Mauricio: There was a moment when on the road, we found armed members of the Navy guarding us. What did you feel?
Manolo: At the beginning of the trip, I felt fear because the shadows of the war were with me, the fear that I was going to be in an ambush, fear of arriving at an area with a mine, fear of finding those images that I left more than 20 years ago in that same area of the country, in that same land. When I saw the Marines on the roadside providing security in the area, I thought and said: “Glory to the Homeland and to each of the soldiers who defend it,” but I have also realized that we need to be generators of change, of peace initiatives.

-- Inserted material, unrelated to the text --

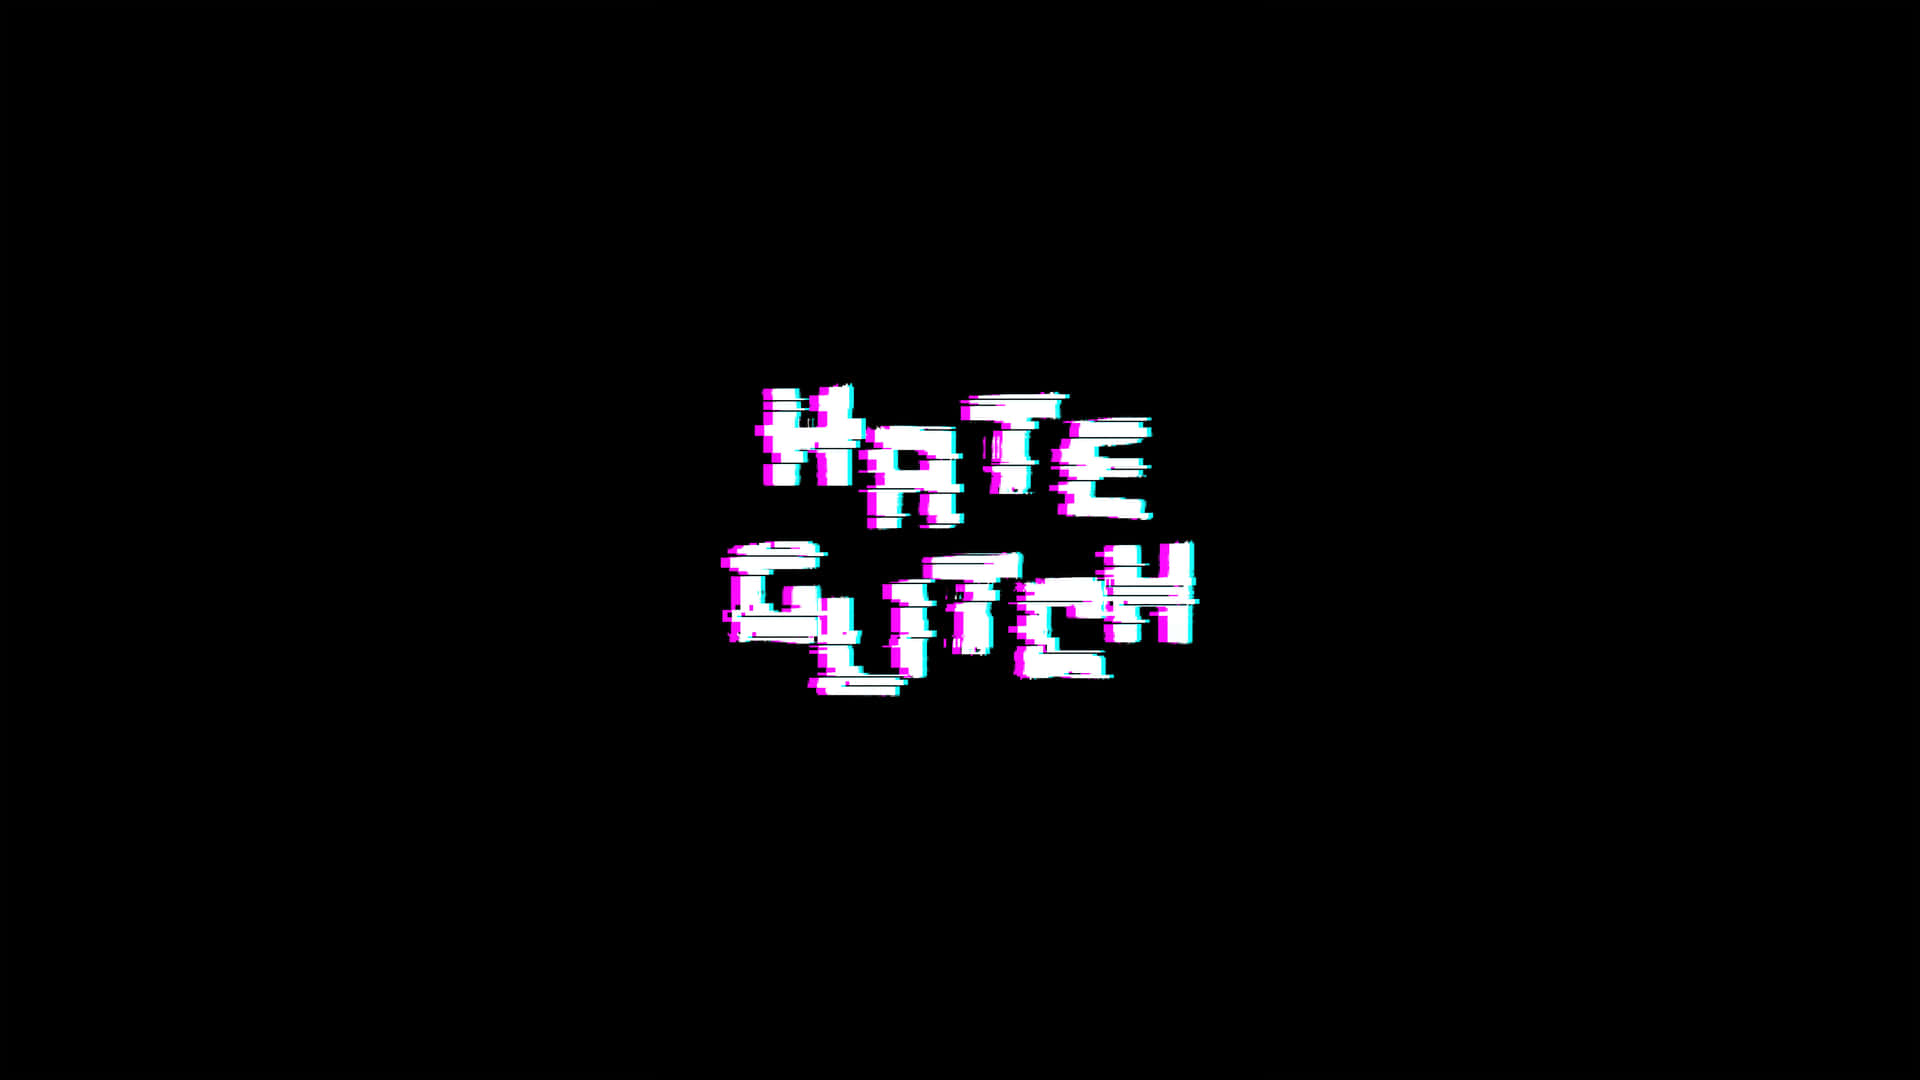 Glitchy Hate Synth Aesthetic.jpg Wallpaper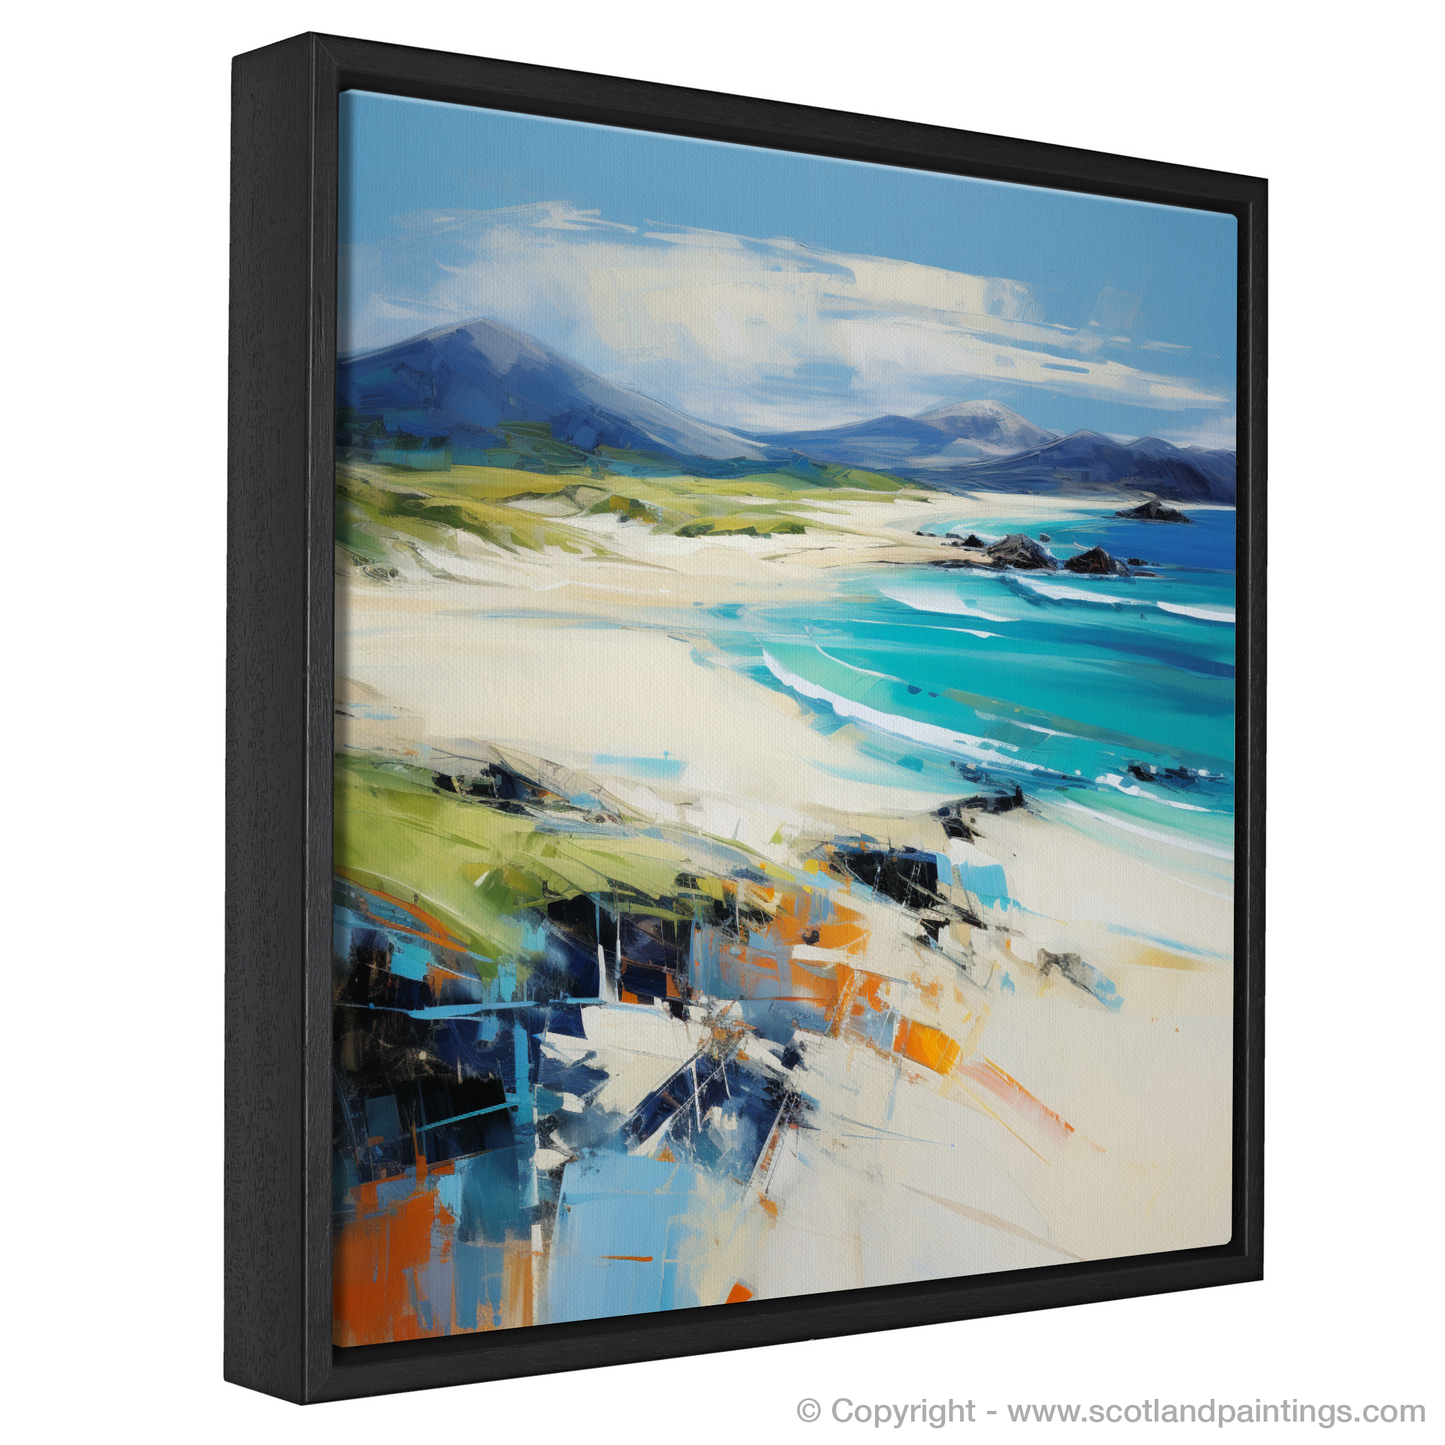 Painting and Art Print of Luskentyre Beach, Isle of Harris entitled "Captivating Luskentyre: An Expressionist Tribute to Scottish Shores".

The armed conflict in Colombia will continue as long as there is corruption, inequality, and poverty. But that does not exempt us from doing something, from having other types of meetings and alliances to help people. We have to create things and invent new ones if necessary.
I feel good about our work to support Dr. Will as translators because if we had not learned English, we would not have been able to serve more than 150 patients. We were the connectors, something that people always told me. So, yes, I am a connector.
Finally, what do you take away from this trip?
Manolo: I take the love, brother. I accept the love of the people in Las Brisa. The hugs. The peace and hope. It made me want to work harder because of all the love I received from all these people, and that is what I am going to give back.